I was once a full time classical music critic. The newspaper I was a full-time critic for – the Seattle Post-Intelligencer – no longer exists. There’s only one full-time dance critic left in the United States. Only one full-time visual art critic at a US alt-weekly. My town – Seattle – doesn’t have a full-time classical music critic, and many music events pass without any critical mention at all.
On one level you can say it doesn’t matter. People still go to concerts. Tickets are still selling. And then there are those blogs.

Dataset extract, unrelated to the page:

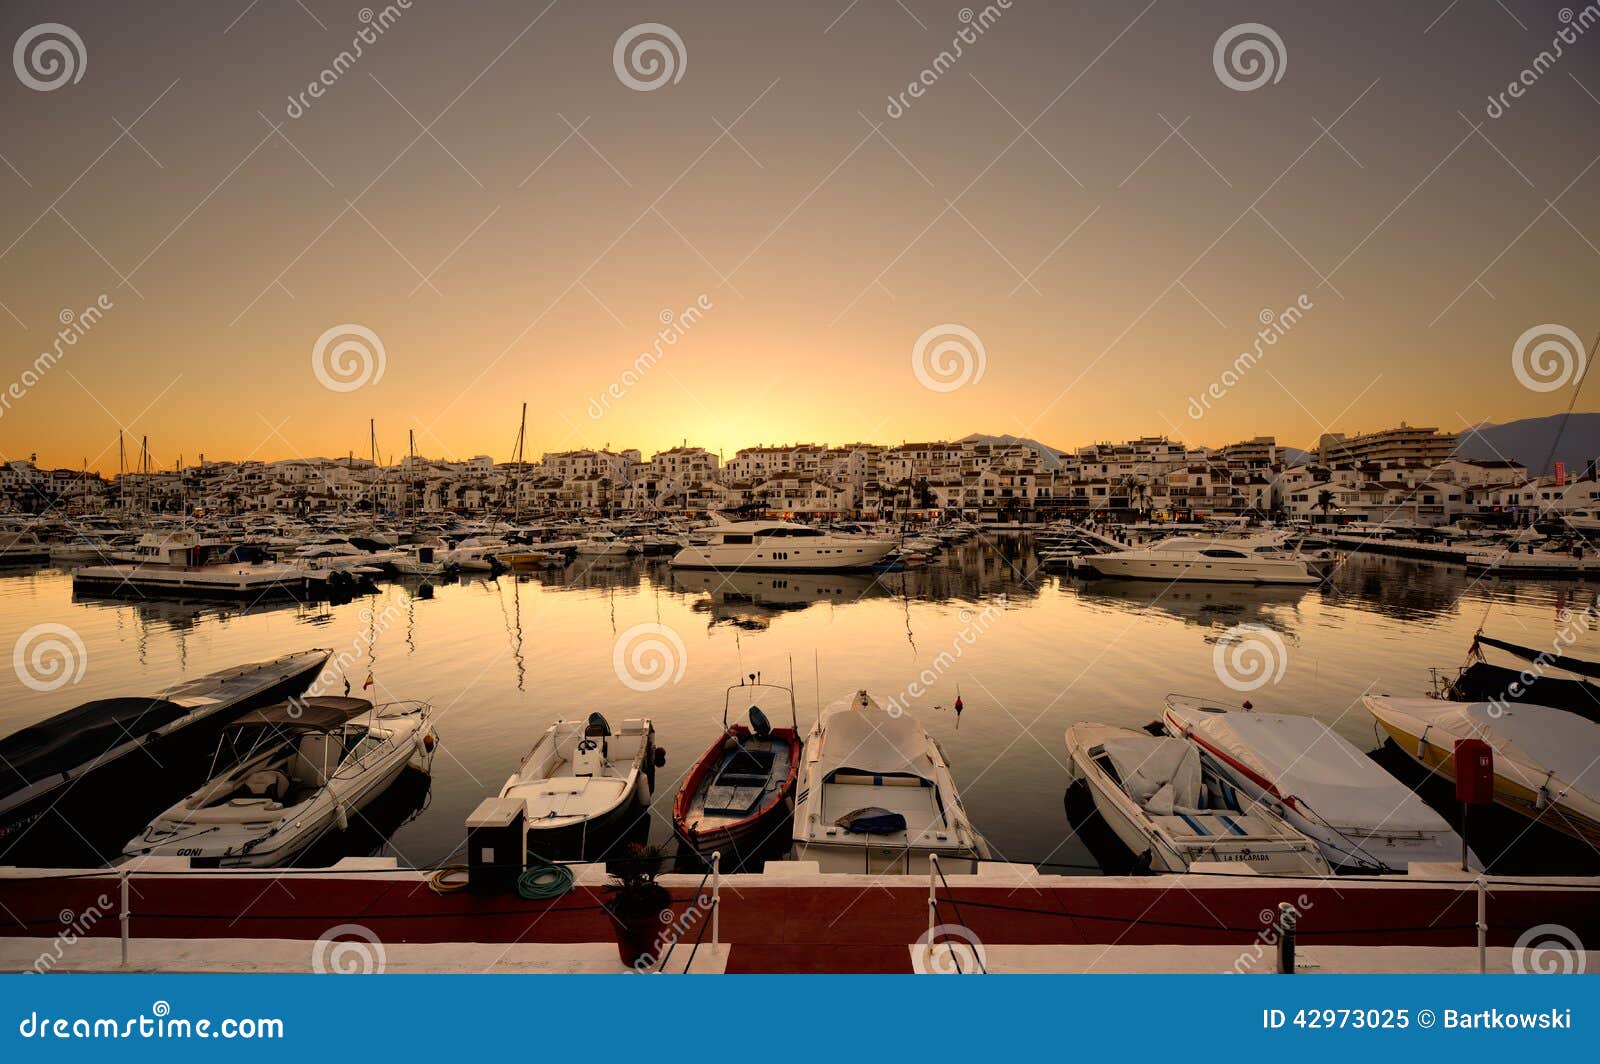 luxury yachts and motor boats moored in puerto banus marina in marbella, spain
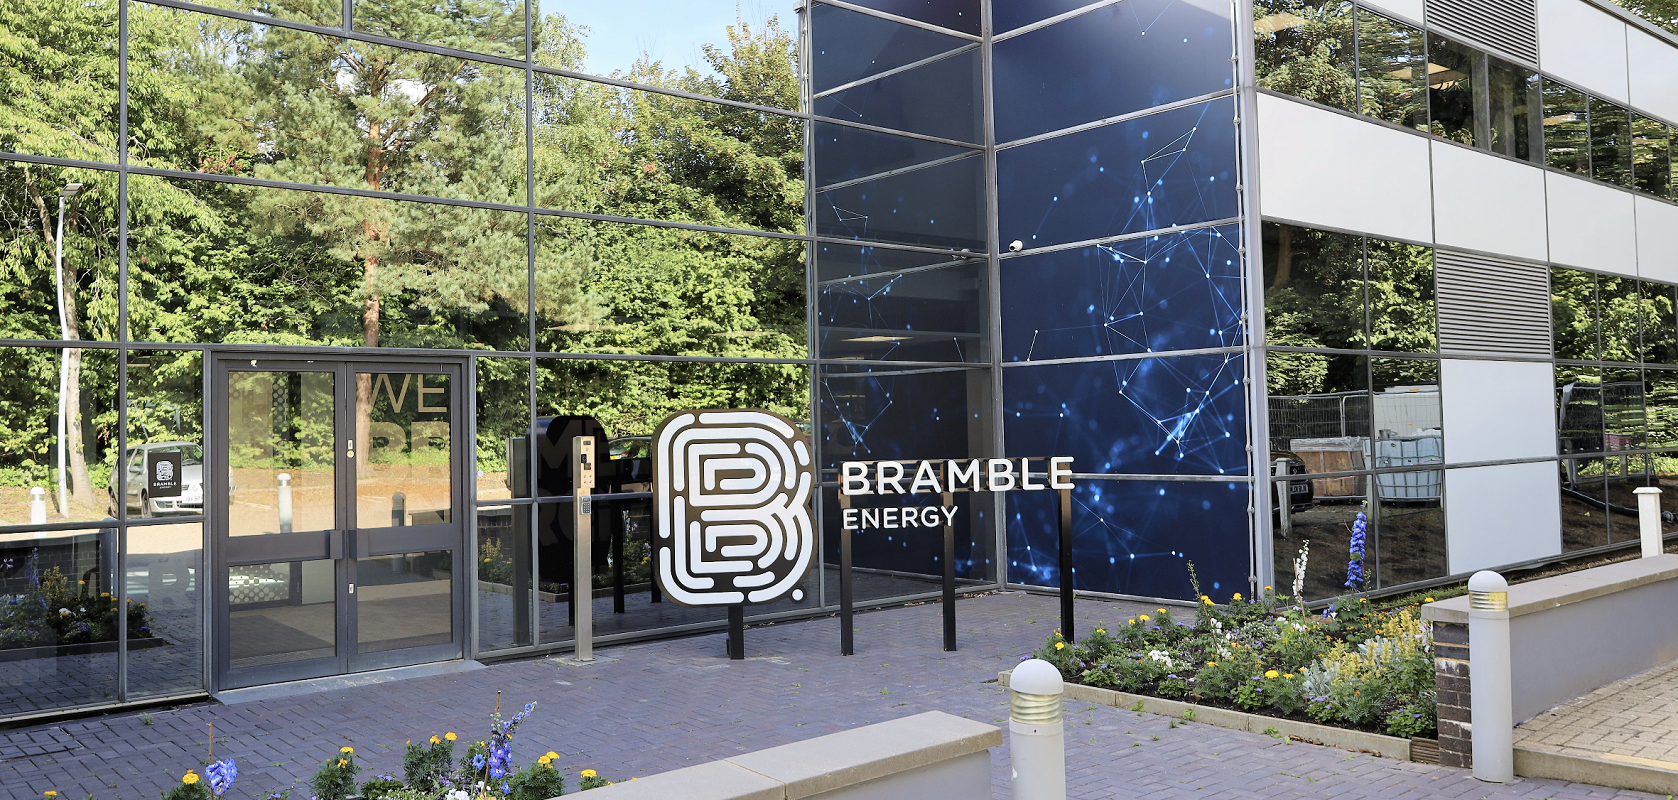 Fuel cell technology - Bramble Energy -Atrium Court - Source- Bramble Energy

And yet, the market seems to have declared that arts criticism as a profession, as a calling, isn’t supportable, isn’t sustainable, isn’t legitimate. I find that sad. We could go on about what was lacking or what didn’t work in the way we covered the arts. But the cold hard truth is that there just isn’t an audience for what we were doing. We can lament it. Or we can figure out whether there’s a better way to do it and move on.
Justin Saragoza says
Ultimately it became a question of money, free music downloads, and the erosion of copyrights paradigm. The value placed upon art has diminished across the board, not just in newspaper criticism. How did it happen? No one probably has the answer but it’s telling that it has occurred on the baby boomer watch. A generation that in some ways has tried to rewrite value, tradition, and art itself. A greater focus by this generation on popular and rock music has been the norm. And for some reason, this generation, of which I am a member, has abandoned what is culturally seen as a continuum by those that lament classical musics fade from importance, and has been replaced with rock music as the natural evolution of a long musical history. Education, can’t fix it – that has been tried. New works can’t fix it – that has been tried. Crossover can’t fix it – that has been tried too. All that remains is to hope that our grand children look to see what makes, not made, humanity great in the minds of true musical genius whenever it appears in their life time.
Robert Everett-Green says
I hate to disrupt this occasion for Spenglerian hand-wringing, but John Terauds was not, as you imply, the last of an unbroken line of full-time classical music critics at The Toronto Star. Before John moved to the Entertainment pages from the automotive section, his predecessor, William Littler, spent three decades dividing his time between classical music and dance. I spent a few of those years covering the same split beat across town at The Globe and Mail. Neither of us suspected that our part-time involvement in music criticism did not amount to a “legitimate job.”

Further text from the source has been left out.